In Flamenco Show, Del Monte Accents Solos Over Ensembles

May 29, 2000|LEWIS SEGAL | TIMES DANCE CRITIC

In her recent flamenco experiments on local stages, Laila del Monte developed creative strategies for performing with tap dancers, kathak dancers, jazz dancers and even non-dancers. But given the opportunity to interact with two fellow flamenco artists at the L.A. Theatre Center on Friday, she unaccountably ventured only perfunctory exchanges with them and chose to emphasize solo expression instead.

A pity, since the potential loomed large in the opening "Casi me Amabas" ensemble for exploring eloquent movement design with the commanding Ricardo Chavez and communication-through-steps with the authoritative Cecilia Romero.
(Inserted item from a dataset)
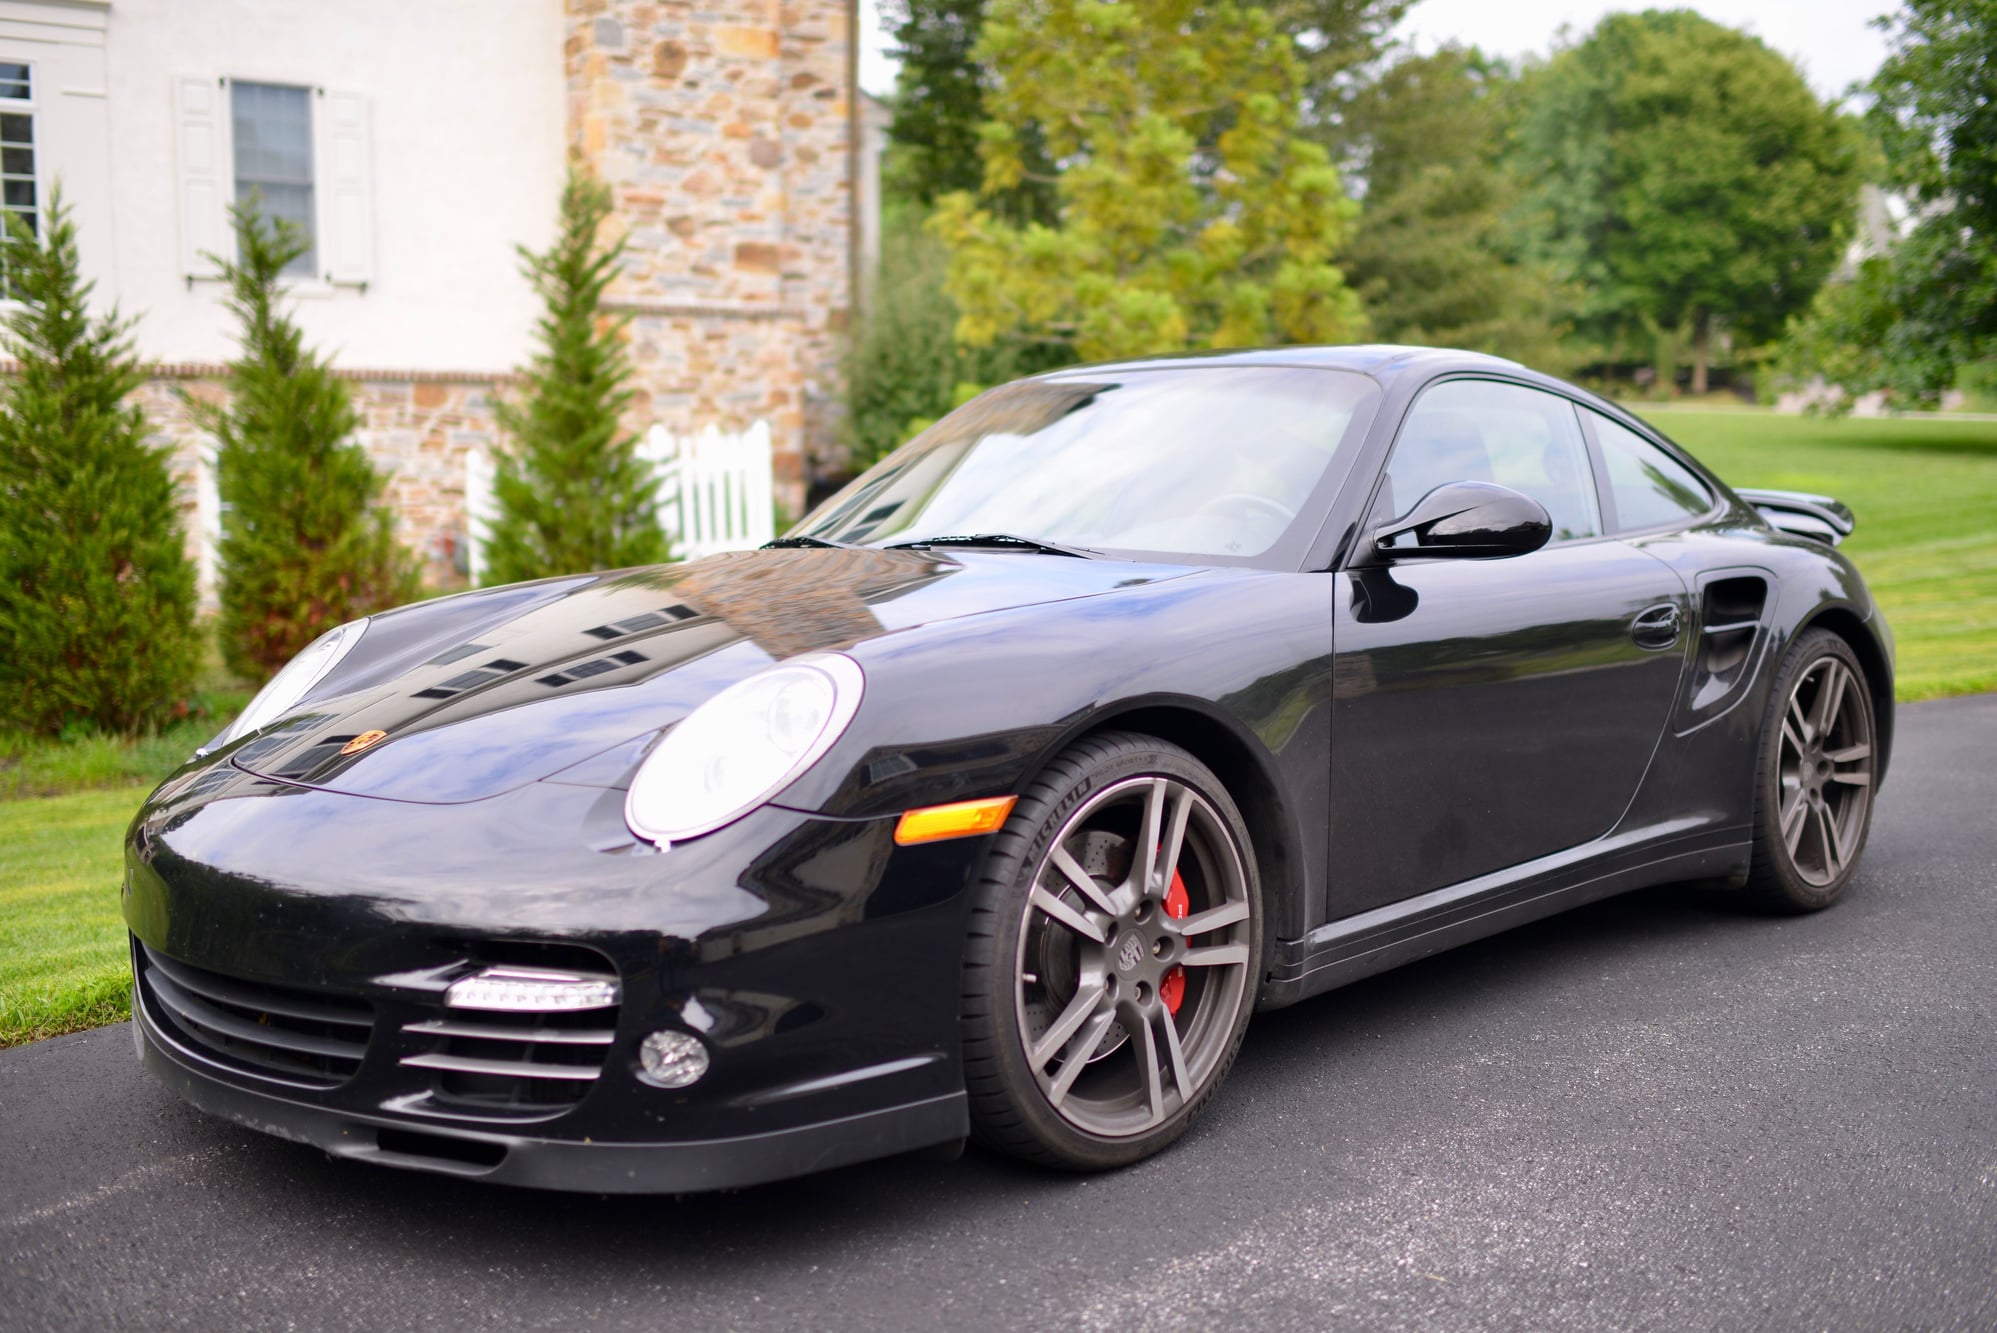 2010 Porsche 911 - 2010 911 Turbo Coupe for Sale - Used - VIN WP0AD2A97AS766198 - 59,433 Miles - 6 cyl - 4WD - Automatic - Coupe - Black - Greenville, DE 19807, United States

However, Del Monte's "Dulce Despertar" solo crowned the evening with joyous physical freedom, artful shifts in focus (childlike to womanly, playful to contemplative) and high technical sheen. In his own solo (Farruca), the tall, lean Chavez used his long arms and large hands to help dramatize changes of stance and pressure without ever compromising his powerful rhythmic drive. In contrast, Romero's solo (Solea) gloried in its varied emotional coloration and sheer intricacy--a blaze of curling wrists, complex heel work and elaborate traveling steps.
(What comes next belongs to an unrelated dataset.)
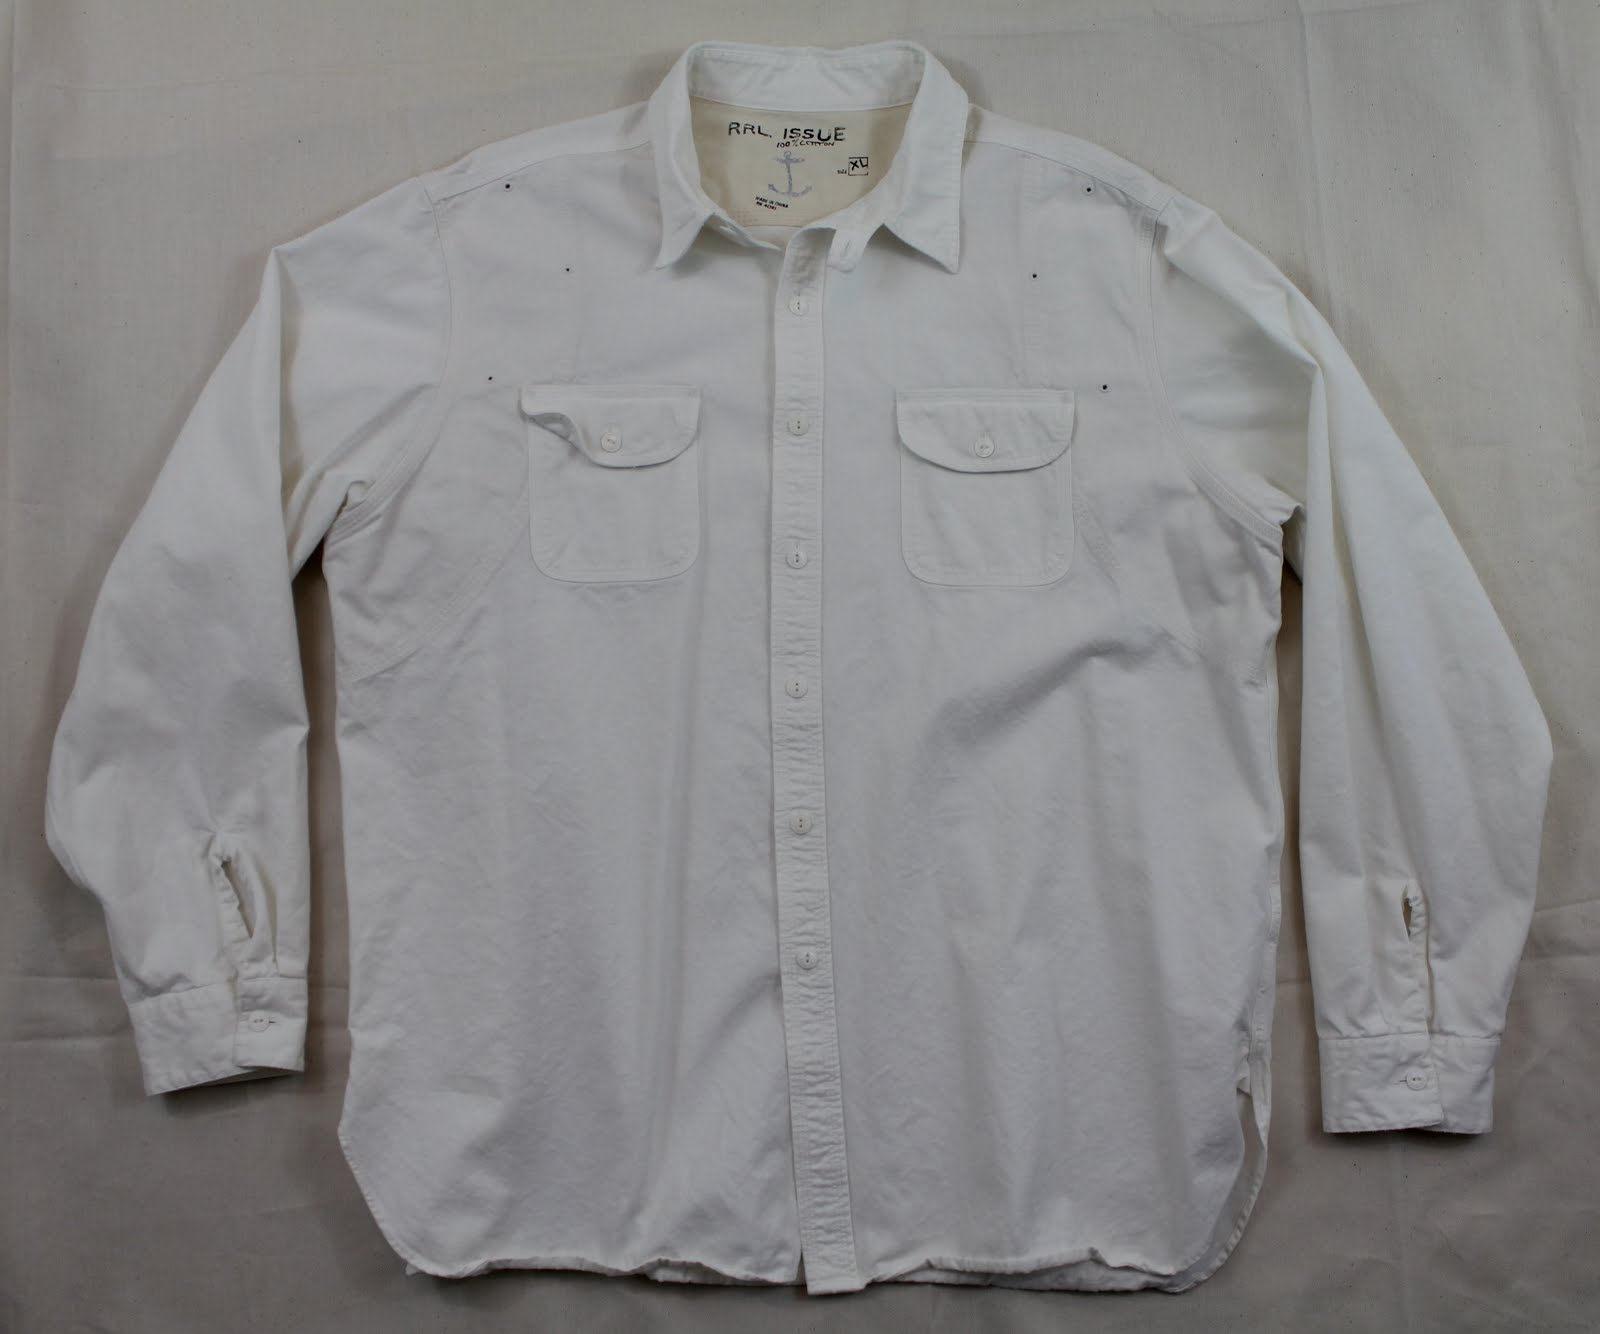 vintage workwear: Vent Hole Work Shirts…Part Two: Sugar Cane & Double RL

This Fountain Theatre production also boasted excellence from its musicians: singer Jesus Montoya, Romanian pan flutist Damian Draghici, cellist Giovanna Moraga, plus guitarists Jose Tanaka and Adam del Monte. Piercing amplification robbed some of their efforts of a sense of atmosphere (with the aggressively in-your-face flute sonics especially unfortunate), but Del Monte's superb "Sombra del Paraiso" solo conquered even the microphones with its ghostly melodic fragments materializing out of dense, dazzling filigree.